Demonstration of quality health care includes documentation of outcomes of care. Surveillance is a comprehensive method of measuring outcomes and related processes of care, analyzing the data, and providing information to members of the health care team to assist in improving those outcomes. Surveillance is an essential component of effective clinical programs designed to reduce the frequency of adverse effects such as infection. Conduct on-going risk assessment, identify, and implement interventions and strategies to reduce infection risks. Using information gained from the surveillance and a model for continuous improvement, hospital administrators can continue to refine and improve upon the infection record in the hospital.

It is strongly recommended that every hospital should have an Infection Control Team which has the primary responsibility for and reports to the chief in charge, all aspects of surveillance, prevention and control of infection in a hospital. The Infection control team should advise managers and employees on suitable immunization policy. The chief in charge must ensure that all parts of the organization have suitable health and safety policy and that its implementation is monitored regularly to ensure its effectiveness.

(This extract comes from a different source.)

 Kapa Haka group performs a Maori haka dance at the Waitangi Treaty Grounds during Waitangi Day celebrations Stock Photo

*This paper was prepared under the supervision of: Dr. Abdulrahman Tawfeeq Saadi, Assistant Professor in Medical Microbiology & Infectious Control/Faculty of Medical Sciences at Dohuk University in July 2012

Dezheen Zebari is a 4th year medical student at New York College of Medicine. During her second year of medical school she went to Kurdistan to research this paper.

References:

(1)    Cleaning, Disinfection, and Sterilization of Medical Equipment. Dec. 2009. Egyptian Medical Syndicate.  June 25, 2012. www.ems.org.eg/esic_home/data/giued_part1/Cleaning.pdf

(2)    Antiseptics and Disinfectants: Activity, Action and Resistance.  Jan. 1999. Clinical Microbiology Review: American Society of Microbiology. June 25, 2012.

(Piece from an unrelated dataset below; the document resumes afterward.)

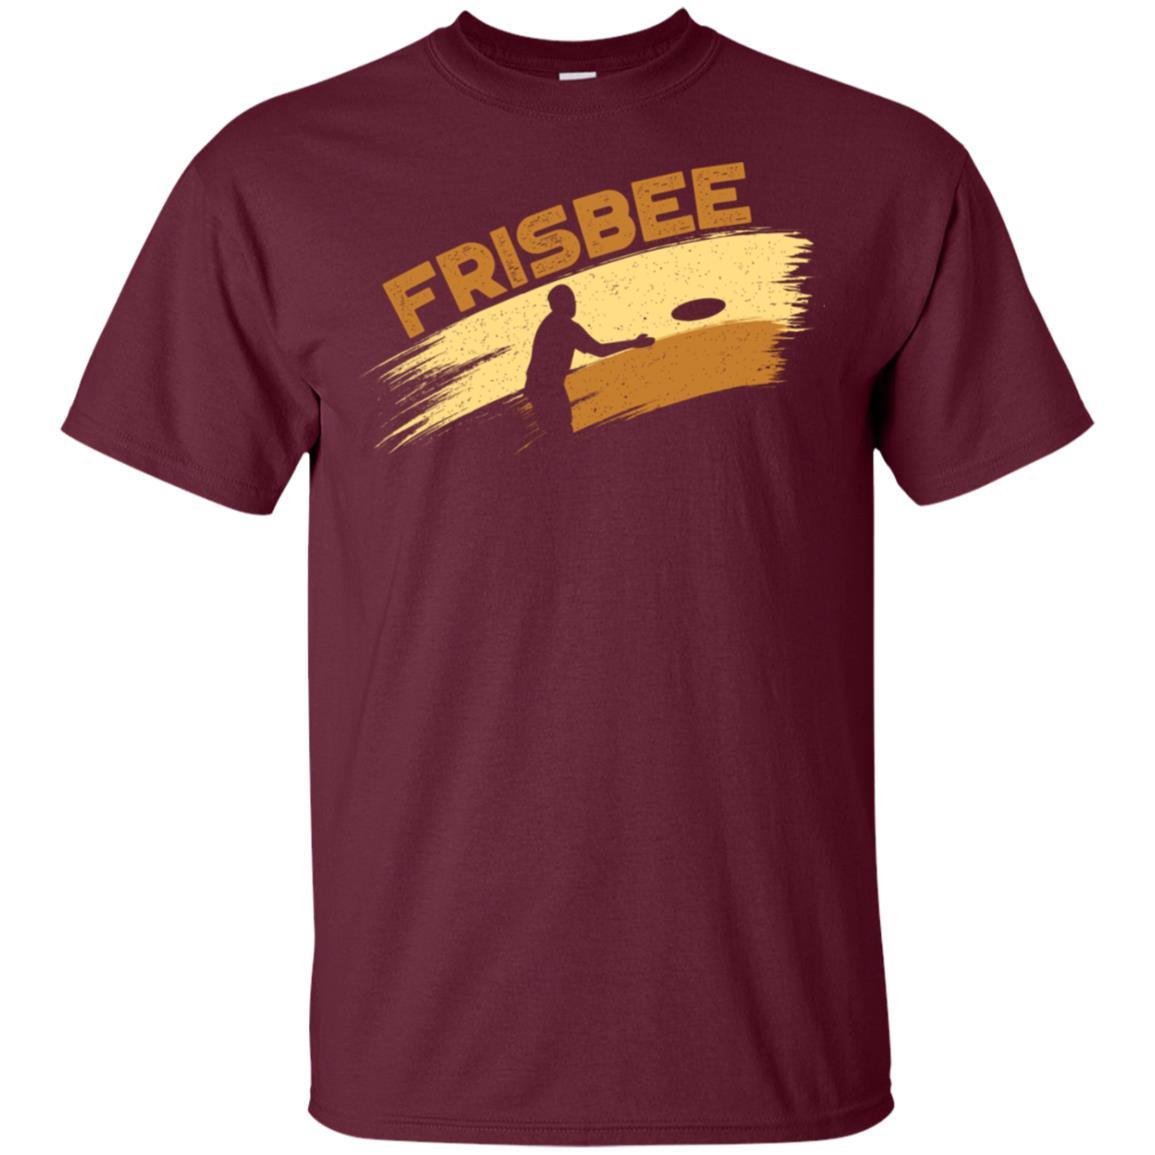 Frisbee Silhouette Unisex Short Sleeve

(3)    Healthcare Wide Hazards: Universal Precautions. US Department of Labor: Occupational Safety & Health Administration. June 25, 2012.

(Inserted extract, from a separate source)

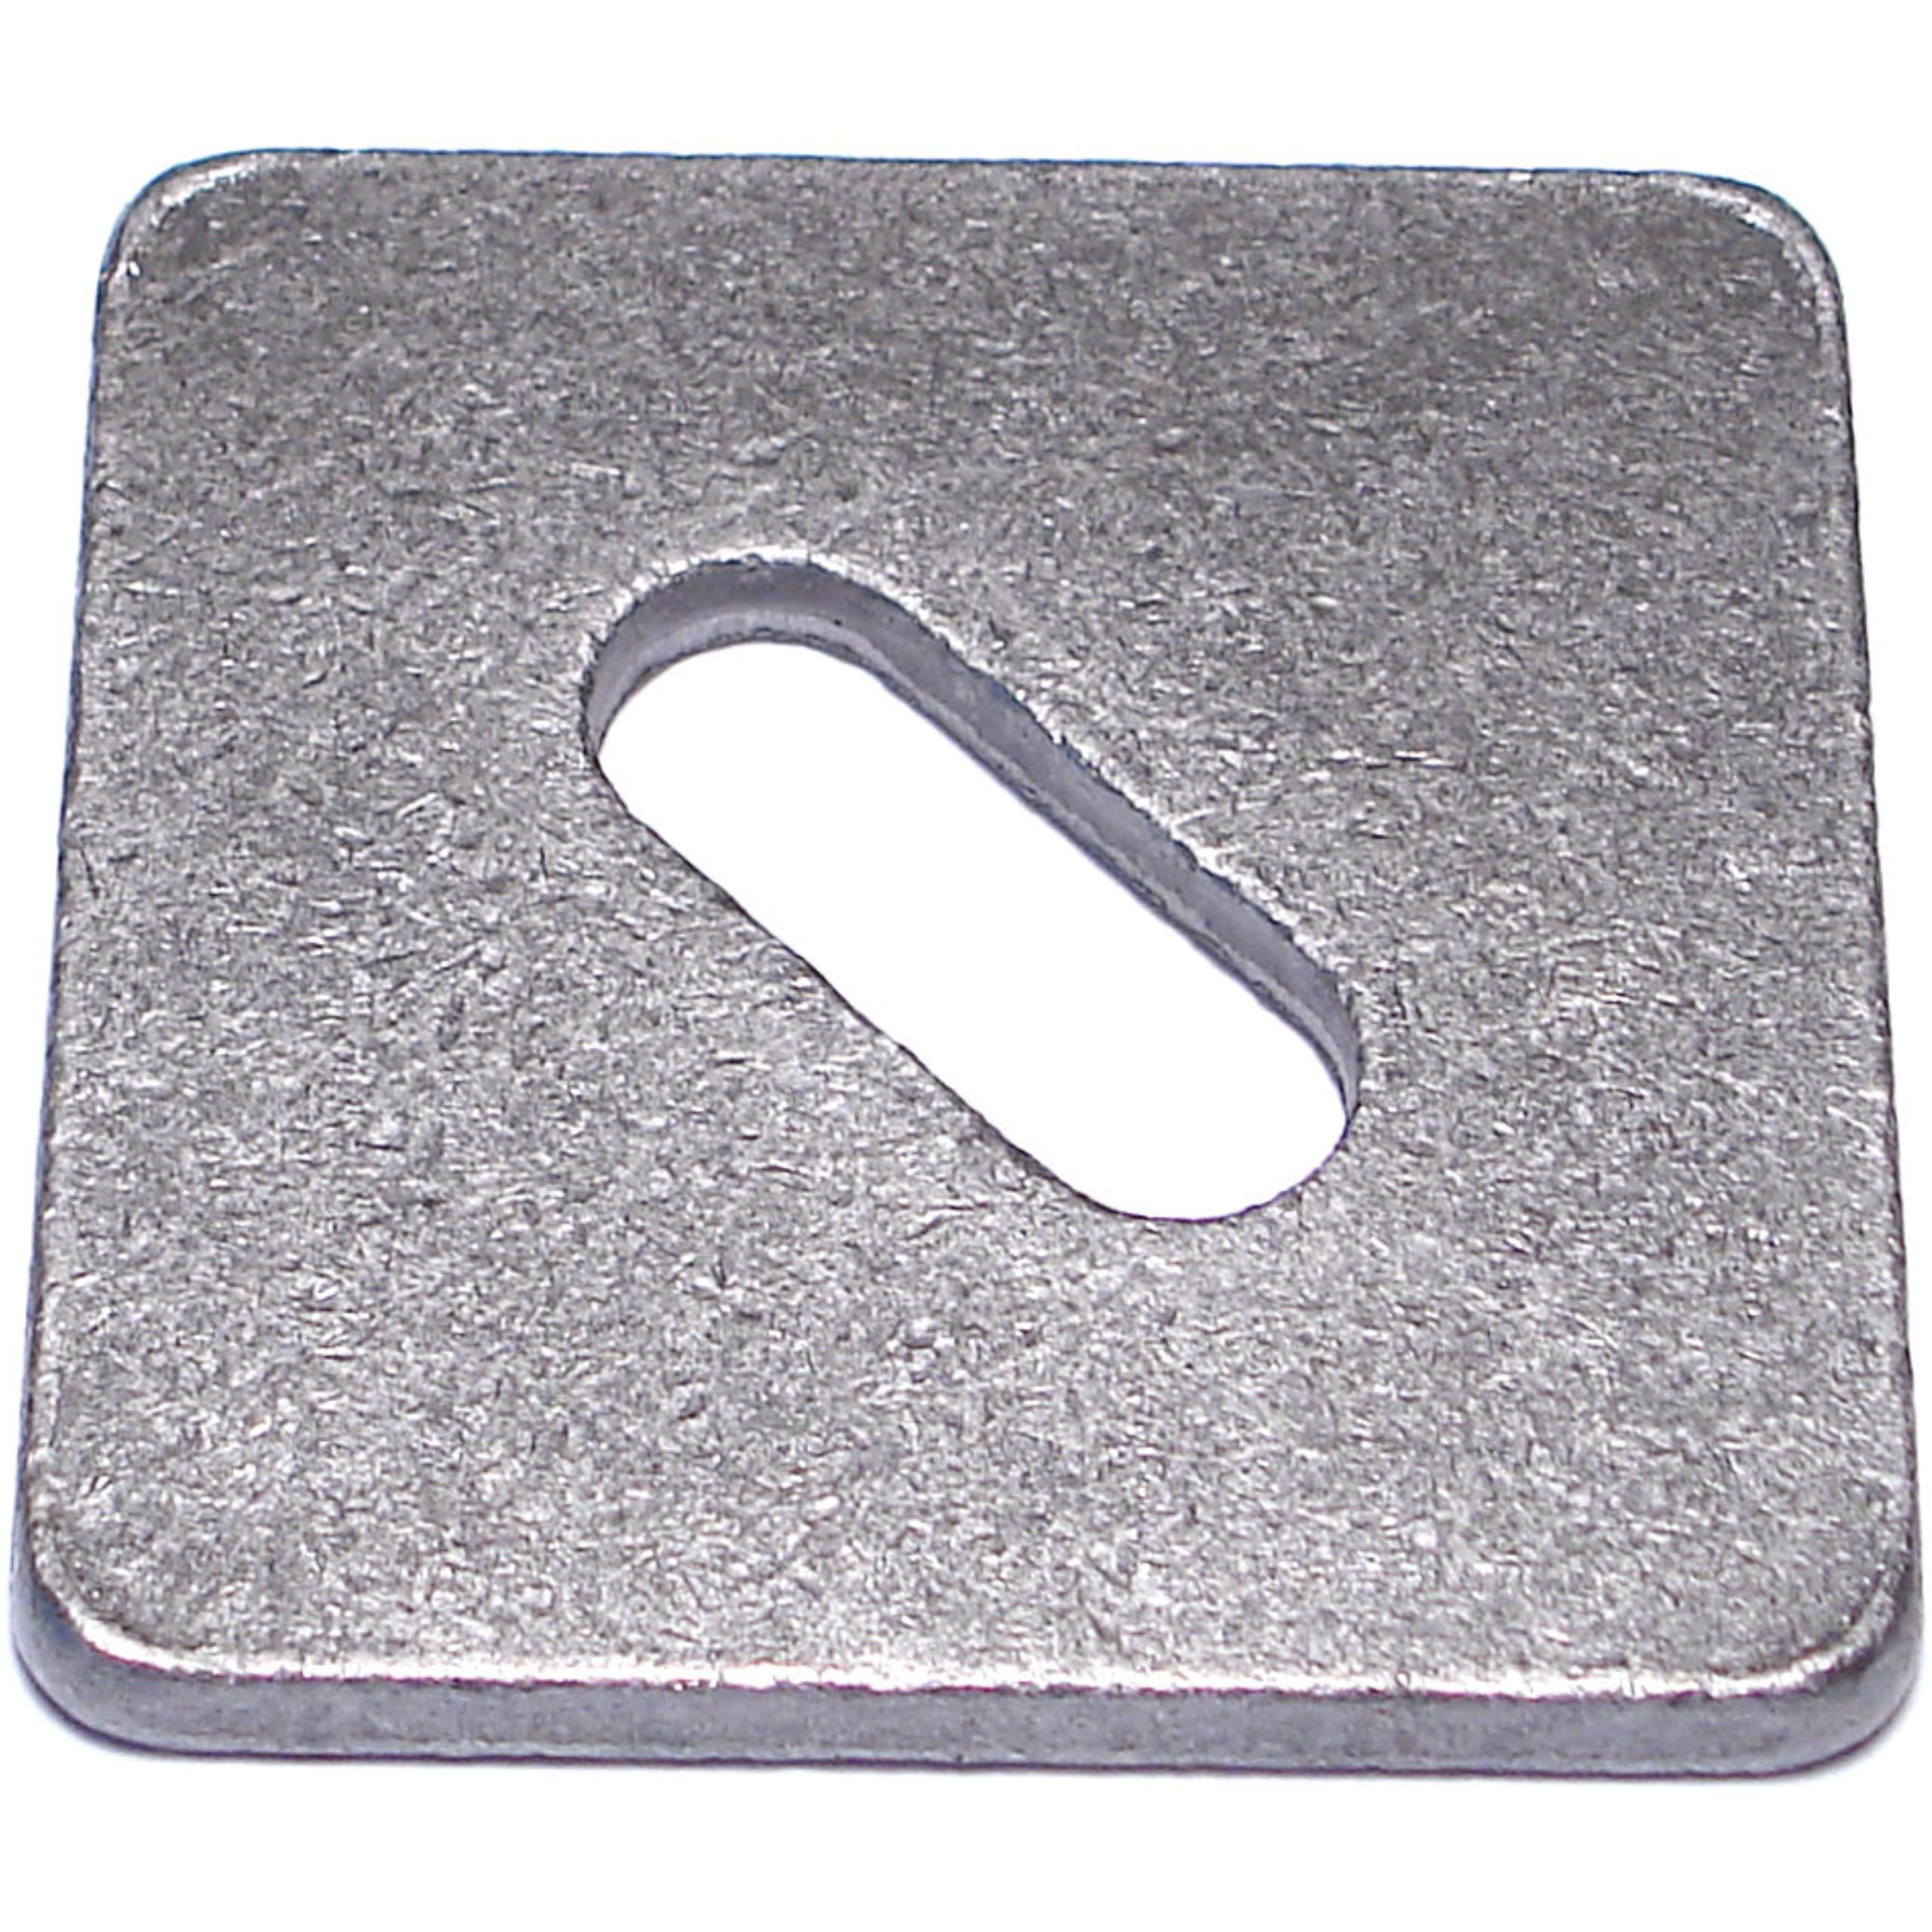 Hard-to-Find Fastener 014973174699 EQ Code Square Washers, 1/2 x 3x3 x1/4, Piece-16 by Hard-to-Find Fastener

(4)    Appendix 5: Procedure for managing spills of blood and body fluids/substances. Feb. 10, 2007. Infectious Diseases: Epidemiology and Surveillance. June 25, 2012.

(5)    Healthcare Wide Hazards: Needle Stick/Sharps Injuries. US Department of Labor: Occupational Safety & Health Administration. June 25, 2012.

(6)    CDC Recommendations for Prevention of Surgical Site Infection. Mangram AJ, Hospital Infection Control Practices Advisory Committee (HICPAC) and Centers for Disease Control and Prevention (CDC). 1999. Guidelines for Prevention of Surgical Site Infection. June 25, 2012.

(7)    Protection Against Infections with Blood-borne Viruses. UK Health Department. Guidance for Clinical Health Care Workers: Recommendations of the Expert Advisory Group on AIDS and the Advisory Group on Hepatitis. June 25, 2012.